Было принято думать, что природные способности женщины несовместимы с проявлением интереса к разговору мужчин, имевшему интеллектуальную ценность; с другой стороны, женщине была доверена неизмеримо более высокая задача — воспитывать мальчиков до тех пор, пока они не раскроются навстречу мощным веяниям мужского образования, а девочек — пока они не выйдут замуж. Чтобы показать, с каким уважением относились греки к этой сфере деятельности своих жен, можно привести множество свидетельств, но мы ограничимся тем, что процитируем прекрасное изречение Алексида (фрагм. 267 (Коек), ар. Stobaeum, Florilegium, 79, 13): «Более чем во всем остальном бог открывает себя в матери».
В задачу этой книги не входит подробно останавливаться на других заботах жены, заключавшихся то в надзоре над использованием движимого и недвижимого семейного имущества, то в присмотре за рабами и рабынями, то в работе на кухне, то в уходе за больными, словом, распространяться обо всем том, что и поныне составляет домен жены.
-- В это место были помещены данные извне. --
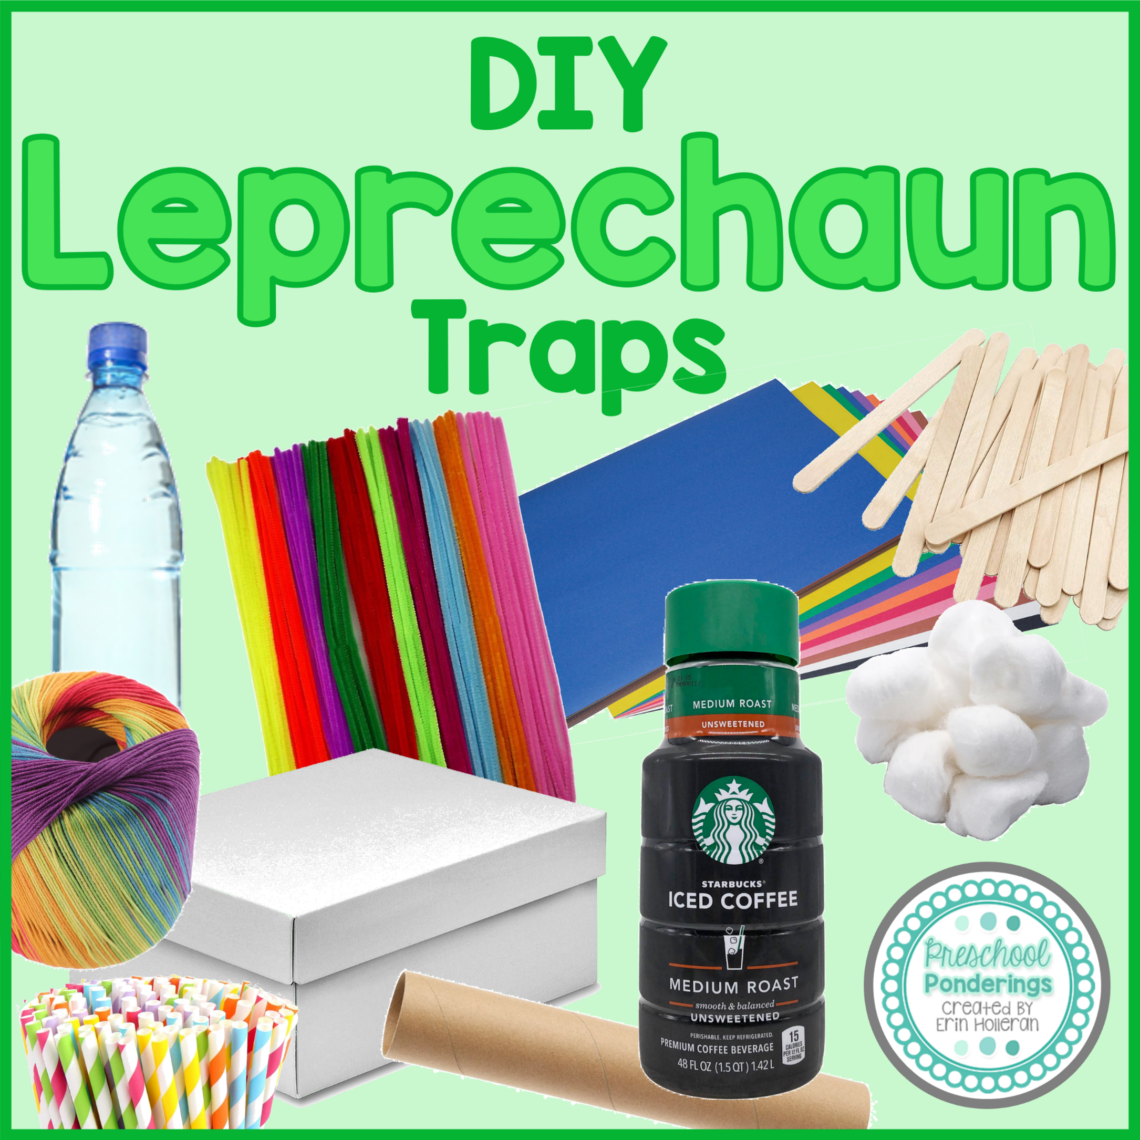 Leprechaun trap supplies

По-видимому, чрезвычайно далек от истины взгляд, согласно которому гречанка всегда оставалась этакой жалкой Золушкой, приговоренной к монотонному труду на кухне, в то время как муж был абсолютным хозяином дома. «Вилой природу гони, а она все равно возвратится», — гласит знаменитый отрывок из Горация (Epist, i, 10, 24), и это изречение как нельзя лучше применимо к греческой женщине. Женская природа никогда не сможет отвергнуть себя самое — так было во все времена и у всех народов. Существовало три фактора, в самую счастливую пору эллинской цивилизации способствовавших тому, что женщины добивались физического и морального превосходства над мужчинами: нередкое интеллектуальное превосходство, врожденная властность, взявшая себе в союзники женское изящество, и чересчур большое приданое. В качестве примера следует, вероятно, вспомнить о Ксантиппе, жене Сократа, имя которой совершенно незаслуженно вошло в пословицу, — на самом деле это была превосходная хозяйка дома, никогда не переступавшая через назначенные ей границы. И все же строптивиц хватало, о чем недвусмысленно свидетельствует тот факт, что в мифологии — истинном зеркале народной души — существовал прототип «строптивой» в лице лидийской царицы Омфалы, которая низвела Геракла, величайшего и самого славного среди греческих героев, до унизительного положения слуги, так что он, облаченный в женский наряд, занимался рукоделием у ее ног, тогда как она, надев львиную шкуру, размахивала палицей над головой съежившегося от страха героя и попирала его могучую шею ногой, обутой в домашнюю туфельку (Aristoph., Lysistr., 667; Anth. Palat., х, 55; Lucian., Dial. Deor., 13, 2). Таким образом, туфелька стала символом жалкого положения женатого мужчины, находящегося «под каблуком у жены». И действительно, туфелька превратилась в то орудие, посредством которого женщины преподавали мужьям уроки хороших манер. Данный метод отличался наибольшей практичностью, так как туфелька во все времена была под рукой у женщины, слоняющейся по дому в сандалиях, тогда как увесистую палку пришлось бы еще поискать, потому что греческий жезл представлял собой легкий, губчатый стебель нартека (петрушки), а тропические страны еще не приступили к вывозу бамбукового тростника.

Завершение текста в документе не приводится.